I received the following error message.

seongkyu@ubuntu:~$ jetson-containers run $(autotag nano_llm) \
>   python3 -m nano_llm.chat --api=mlc \
>     --model Efficient-Large-Model/VILA1.5-3b \
>     --max-context-len 256 \
>     --max-new-tokens 32
Namespace(disable=[''], output='/tmp/autotag', packages=['nano_llm'], prefer=['local', 'registry', 'build'], quiet=False, user='dustynv', verbose=False)
-- L4T_VERSION=35.5.0  JETPACK_VERSION=5.1  CUDA_VERSION=11.4
-- Finding compatible container image for ['nano_llm']
dustynv/nano_llm:r35.4.1
[sudo] password for seongkyu:
localuser:root being added to access control list
+ docker run --runtime nvidia -it --rm --network host --volume /tmp/argus_socket:/tmp/argus_socket --volume /etc/enctune.conf:/etc/enctune.conf --volume /etc/nv_tegra_release:/etc/nv_tegra_release --volume /tmp/nv_jetson_model:/tmp/nv_jetson_model --volume /var/run/dbus:/var/run/dbus --volume /var/run/avahi-daemon/socket:/var/run/avahi-daemon/socket --volume /var/run/docker.sock:/var/run/docker.sock --volume /home/seongkyu/jetson-containers/data:/data --device /dev/snd --device /dev/bus/usb -e DISPLAY=:1 -v /tmp/.X11-unix/:/tmp/.X11-unix -v /tmp/.docker.xauth:/tmp/.docker.xauth -e XAUTHORITY=/tmp/.docker.xauth --device /dev/video0 --device /dev/video1 --device /dev/i2c-0 --device /dev/i2c-1 --device /dev/i2c-2 --device /dev/i2c-3 --device /dev/i2c-4 --device /dev/i2c-5 --device /dev/i2c-6 --device /dev/i2c-7 --device /dev/i2c-8 --device /dev/i2c-9 dustynv/nano_llm:r35.4.1 python3 -m nano_llm.chat --api=mlc --model Efficient-Large-Model/VILA1.5-3b --max-context-len 256 --max-new-tokens 32
/usr/lib/python3/dist-packages/requests/__init__.py:89: RequestsDependencyWarning: urllib3 (1.26.18) or chardet (3.0.4) doesn't match a supported version!

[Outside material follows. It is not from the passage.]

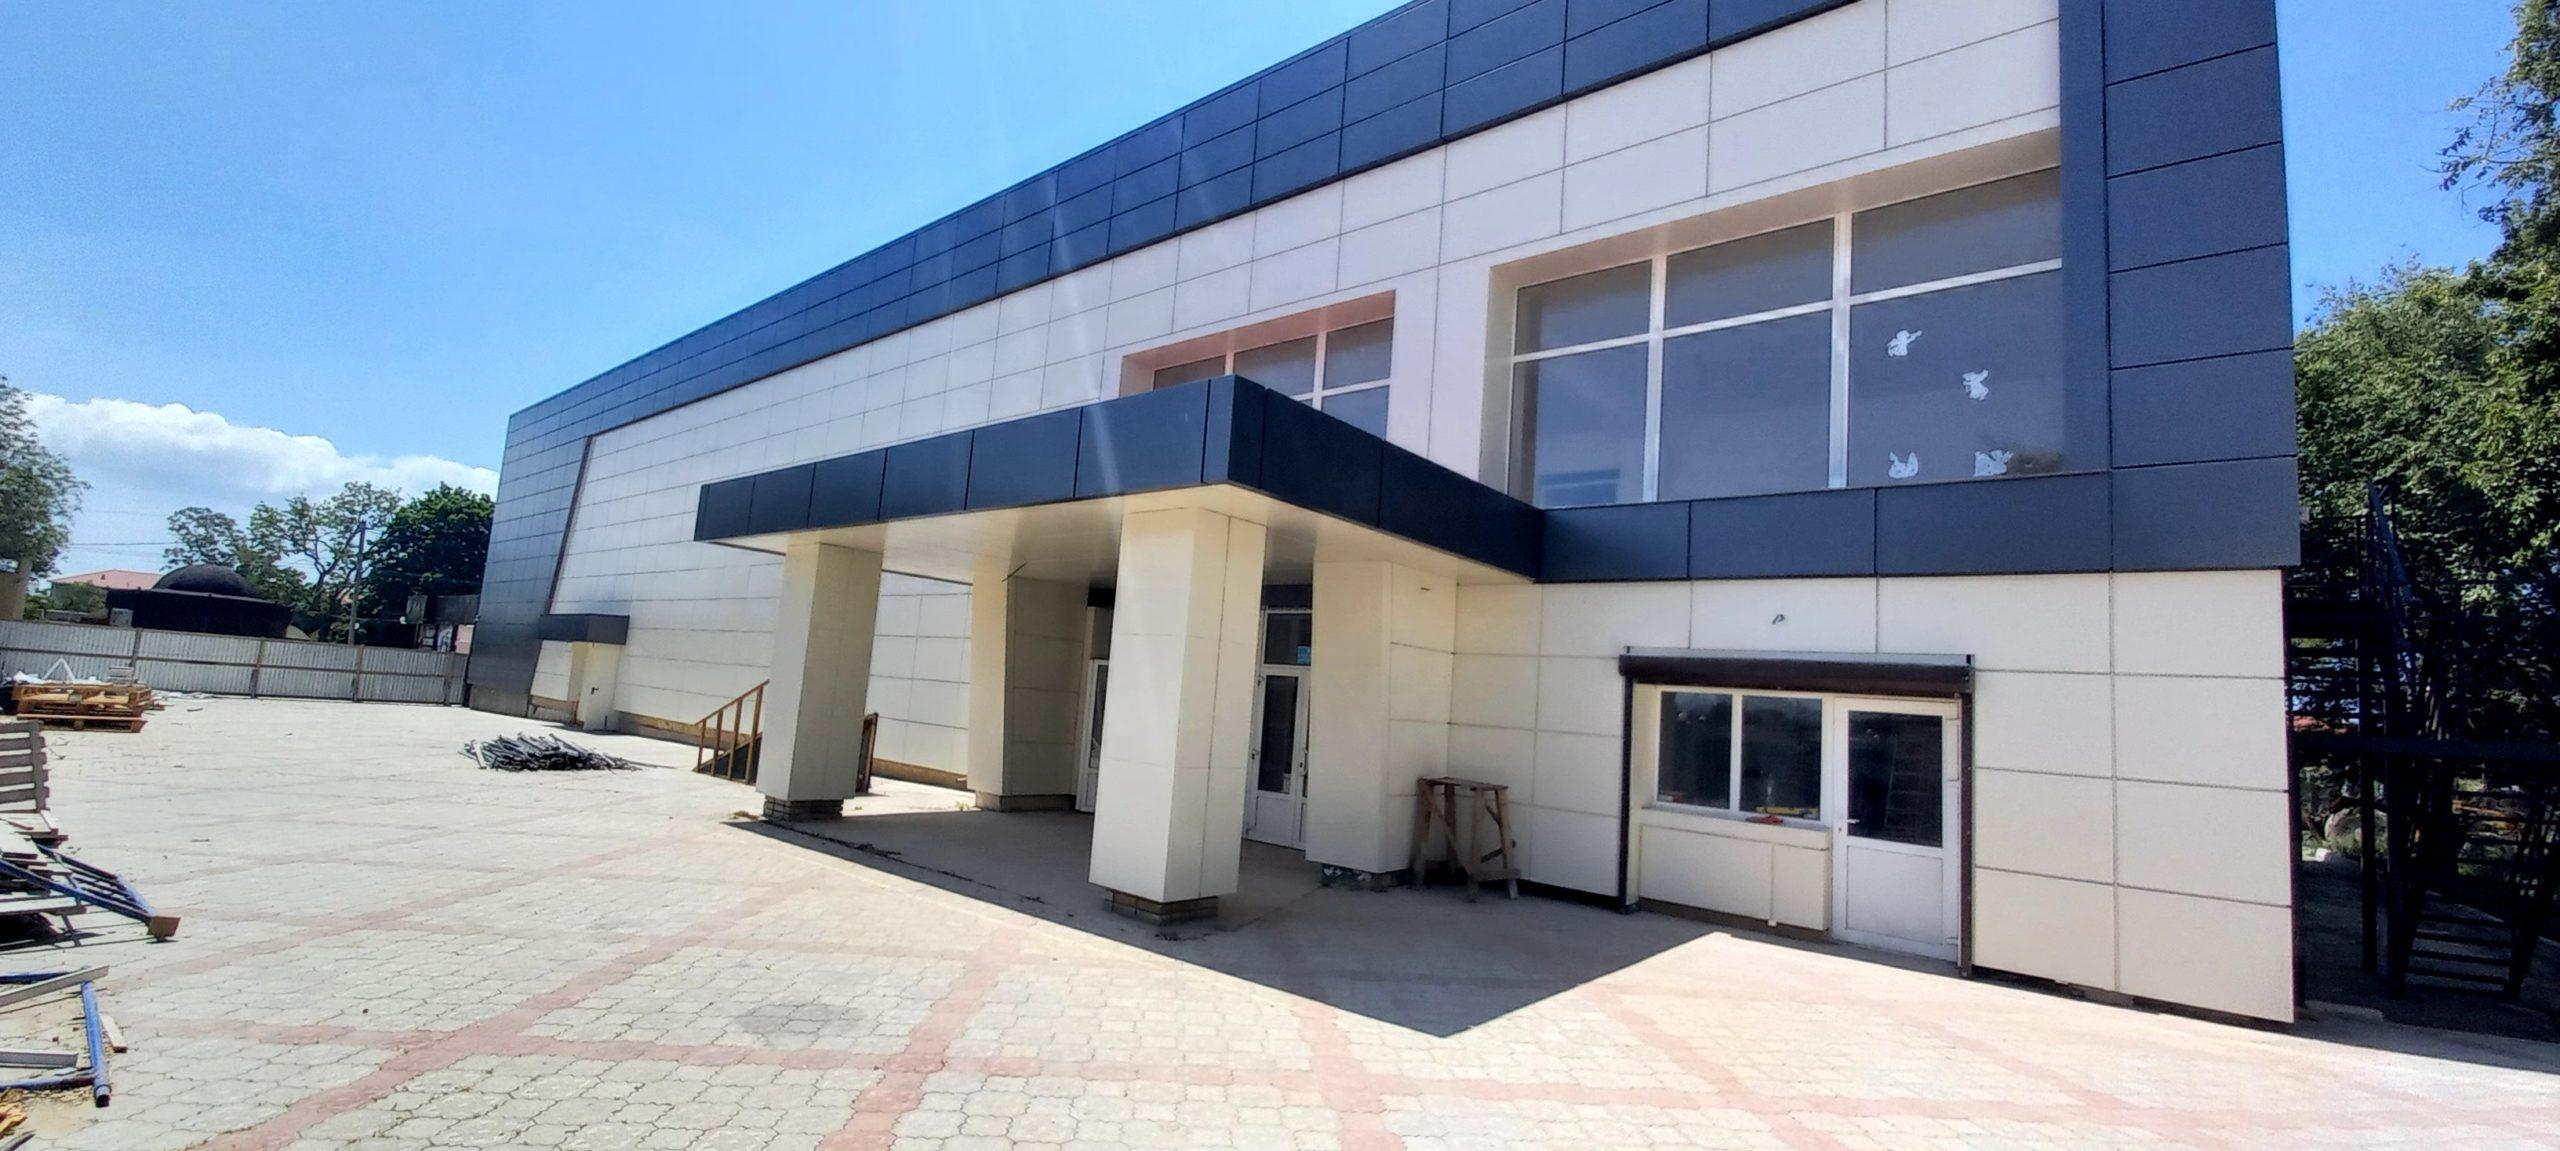 Фасад Межводненского СДК

  warnings.warn("urllib3 ({}) or chardet ({}) doesn't match a supported "
/usr/local/lib/python3.8/dist-packages/transformers/utils/hub.py:124: FutureWarning: Using `TRANSFORMERS_CACHE` is deprecated and will be removed in v5 of Transformers. Use `HF_HOME` instead.
  warnings.warn(
Fetching 13 files: 100%|██████████████████████████████████████████████████████████████████████████████████████████████████████████████████████████████████████████████████| 13/13 [00:00<00:00, 122.77it/s]
Fetching 17 files:   0%|                                                                                                                                                            | 0/17 [00:00<?, ?it/s]

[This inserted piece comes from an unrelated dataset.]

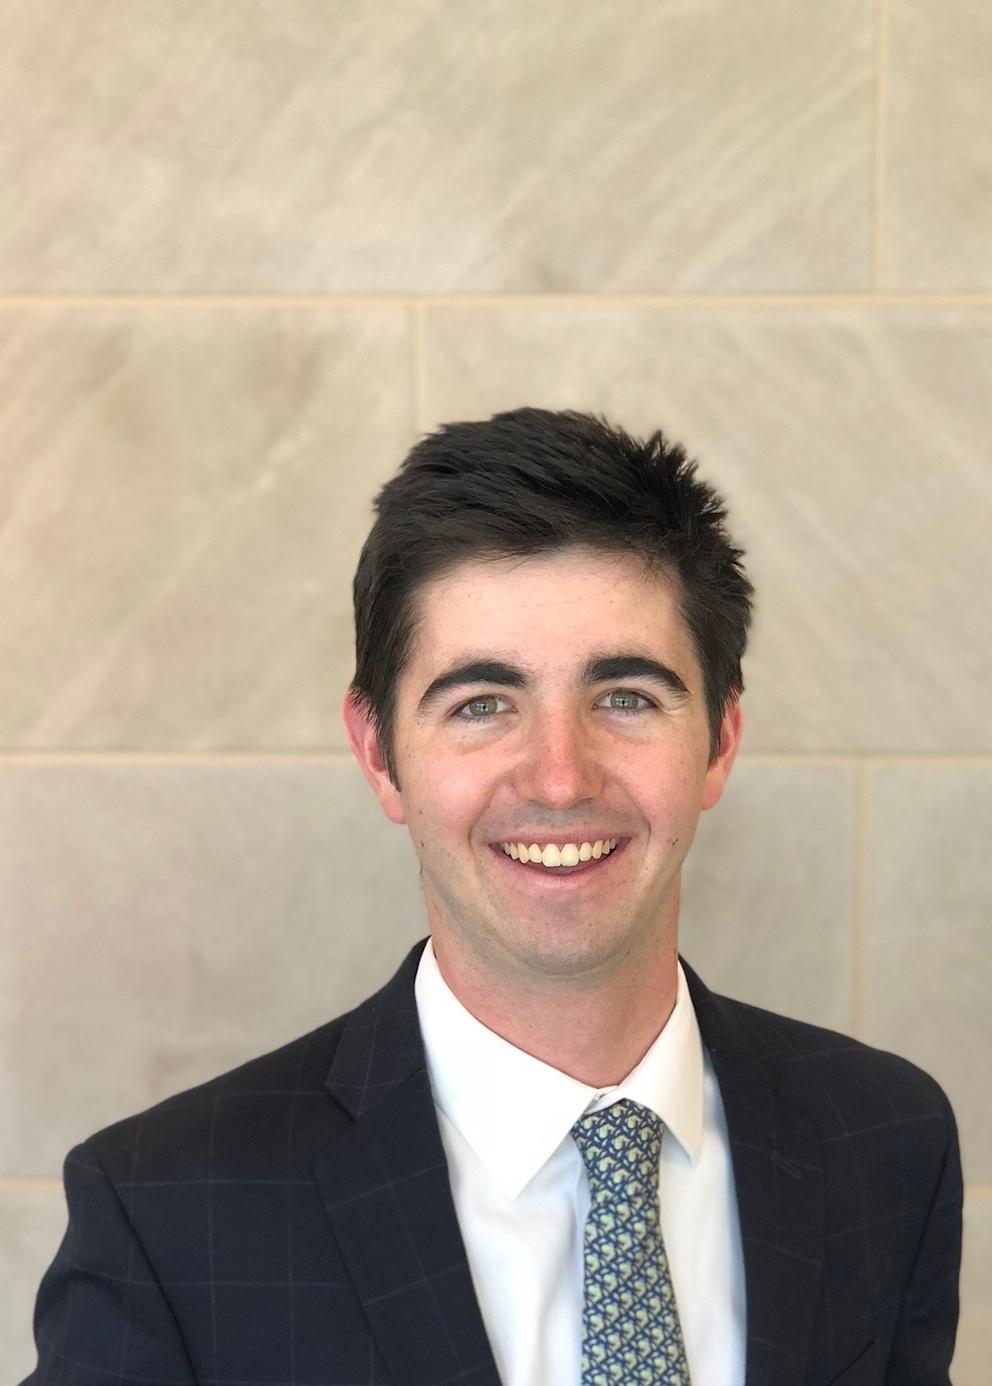 Timothy Bergin '21   Co-President  Bethesda, MD   Trb98@cornell.edu

llm/model-00001-of-00002.safetensors:  59%|████████████████████████████████████████████████████████████████████████▋                                                   | 2.92G/4.97G [39:59<48:23, 709kBllm/model-00001-of-00002.safetensors:  59%|████████████████████████████████████████████████████████████████████████▉                                                   | 2.93G/4.97G [40:02<48:59, 697kBllm/model-00001-of-00002.safetensors:  59%|█████████████████████████████████████████████████████████████████████████▏                                                  | 2.94G/4.97G [40:17<48:17, 703kBllm/model-00001-of-00002.safetensors:  59%|█████████████████████████████████████████████████████████████████████████▏                                                  | 2.94G/4.97G [40:29<48:17, 703kBllm/model-00llm/model-00001-of-00002.safetensors: 100%|██████████████████████████████████████████████████████████████████████████████████████████████████████████████████████████| 4.97G/4.97G [1:12:51<00:00, 721kB/s]
Fetching 17 files: 100%|████████████████████████████████████████████████████████████████████████████████████████████████████████████████████████████████████████████████| 17/17 [1:12:51<00:00, 257.17s/it]
09:01:17 | INFO | loading /data/models/huggingface/models--Efficient-Large-Model--VILA1.5-3b/snapshots/699b413ed13620957e955bd7fb938852afa258fc with MLC
09:01:20 | INFO | backing up original model config to /data/models/huggingface/models--Efficient-Large-Model--VILA1.5-3b/snapshots/699b413ed13620957e955bd7fb938852afa258fc/config.json.backup
09:01:20 | INFO | patching model config with {'model_type': 'llama'}
09:01:20 | INFO | running MLC quantization:

python3 -m mlc_llm.build --model /data/models/mlc/dist/models/VILA1.5-3b --quantization q4f16_ft --target cuda --use-cuda-graph --use-flash-attn-mqa --sep-embed --max-seq-len 256 --artifact-path /data/models/mlc/dist/VILA1.5-3b-ctx256


Using path "/data/models/mlc/dist/models/VILA1.5-3b" for model "VILA1.5-3b"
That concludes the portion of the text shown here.